### EXERCISE AIM
Exactly as they stand, copy the lines from the one containing "Teacher Shark Doo Doo Doo SVG Cut File." to the final line of the data; leave out the pictures.

### INFORMATION PROVIDED
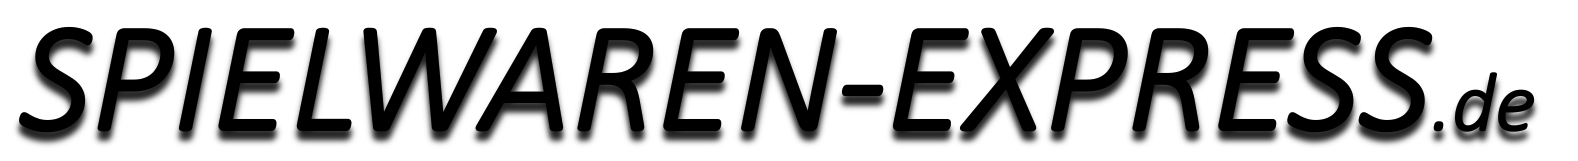 Spielwaren Express-Logo
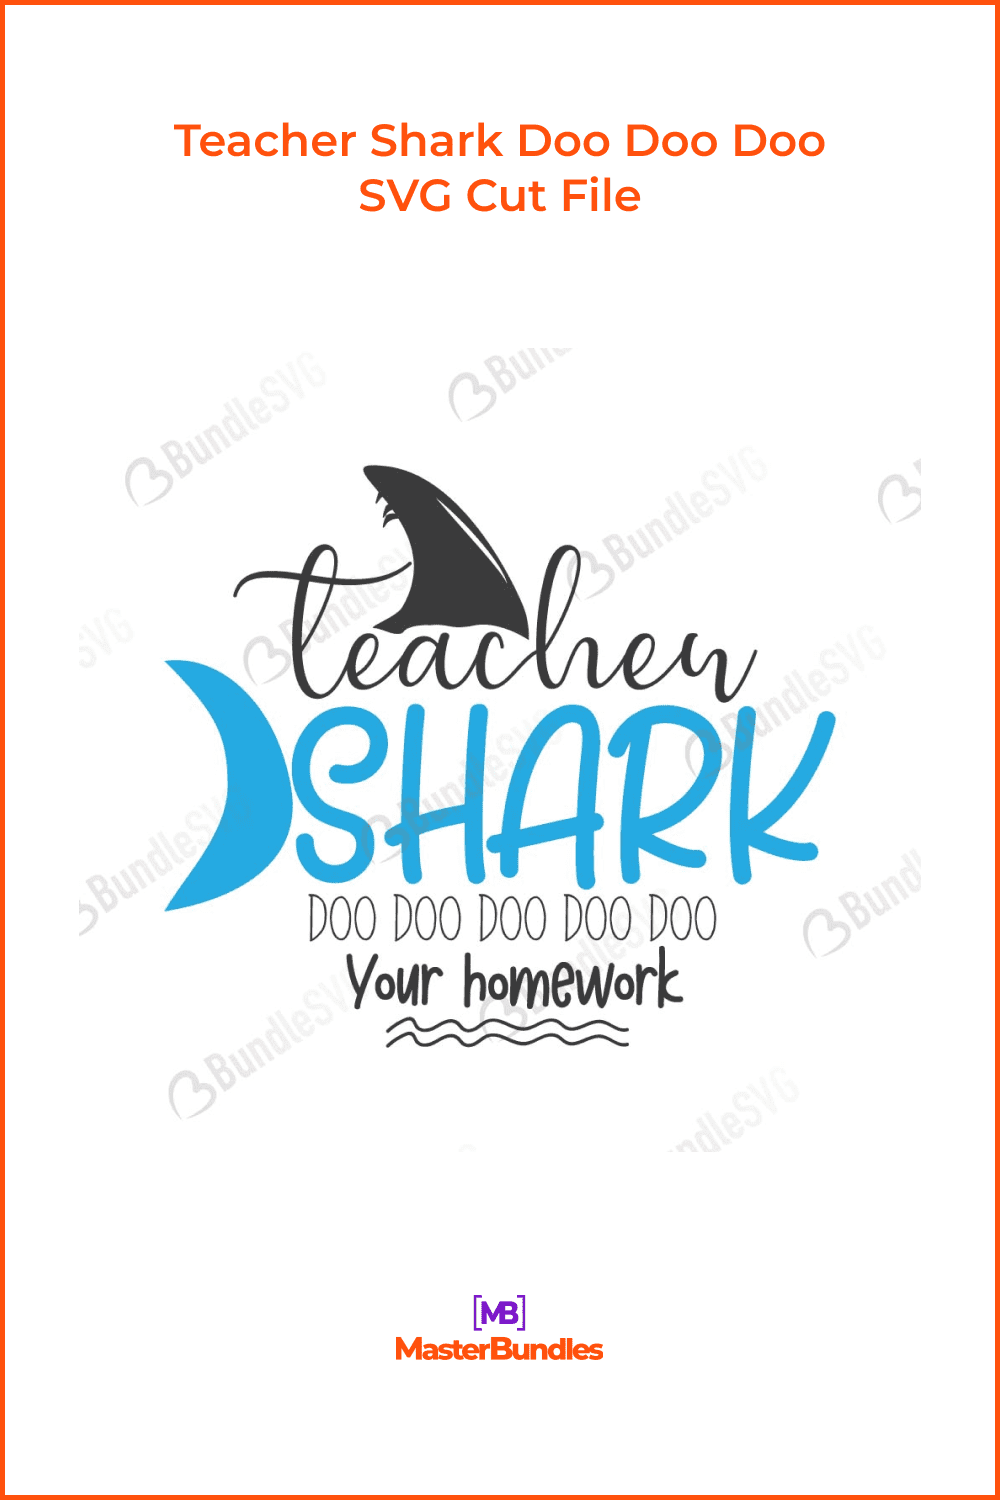 Teacher Shark Doo Doo Doo SVG Cut File.
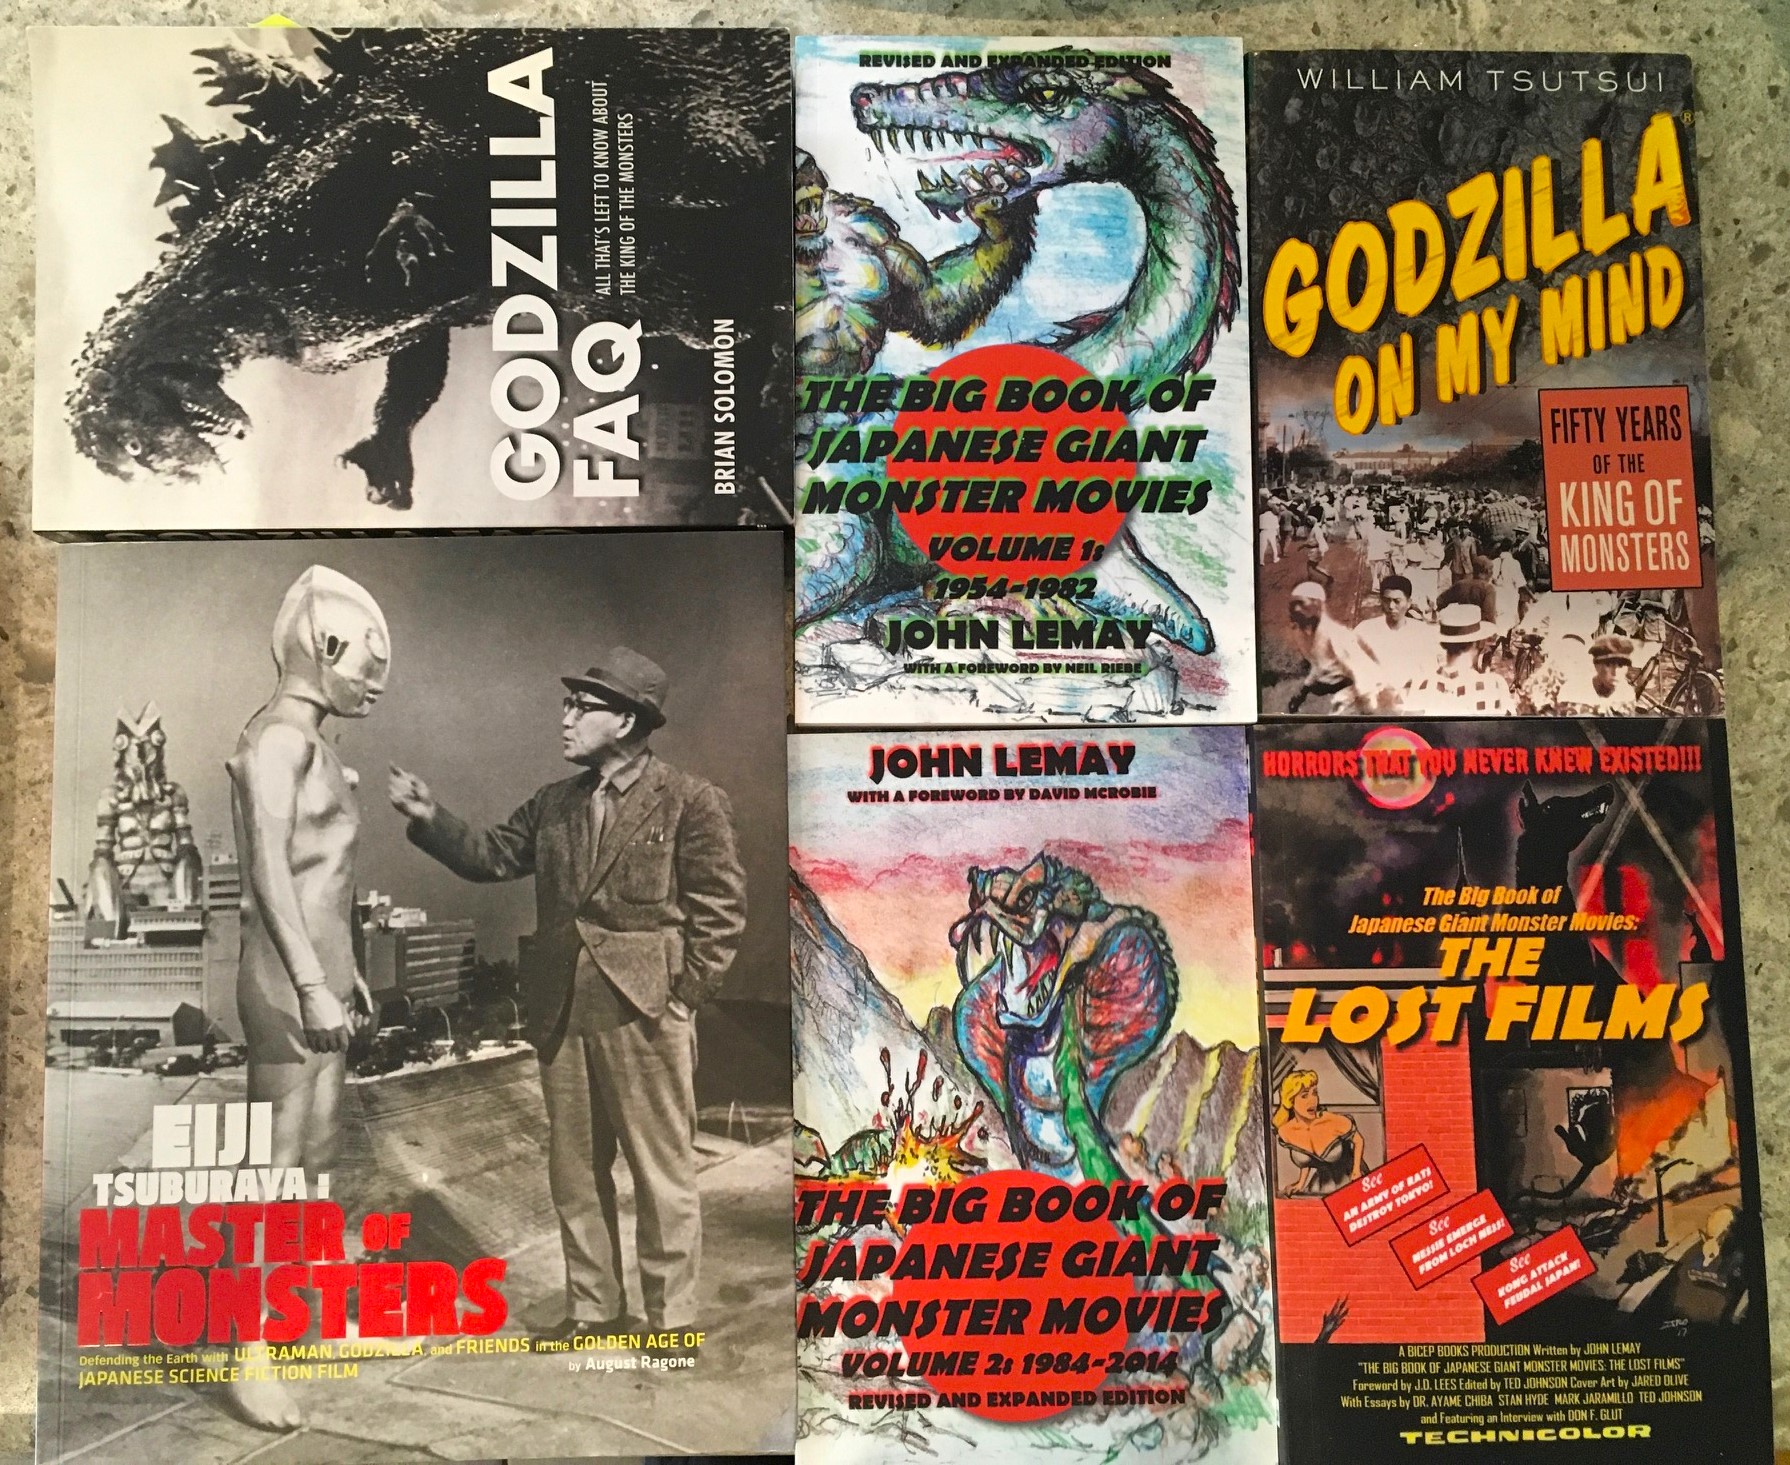 Godzilla books again

### EXERCISE OUTPUT
 Teacher Shark Doo Doo Doo SVG Cut File.
 Godzilla books again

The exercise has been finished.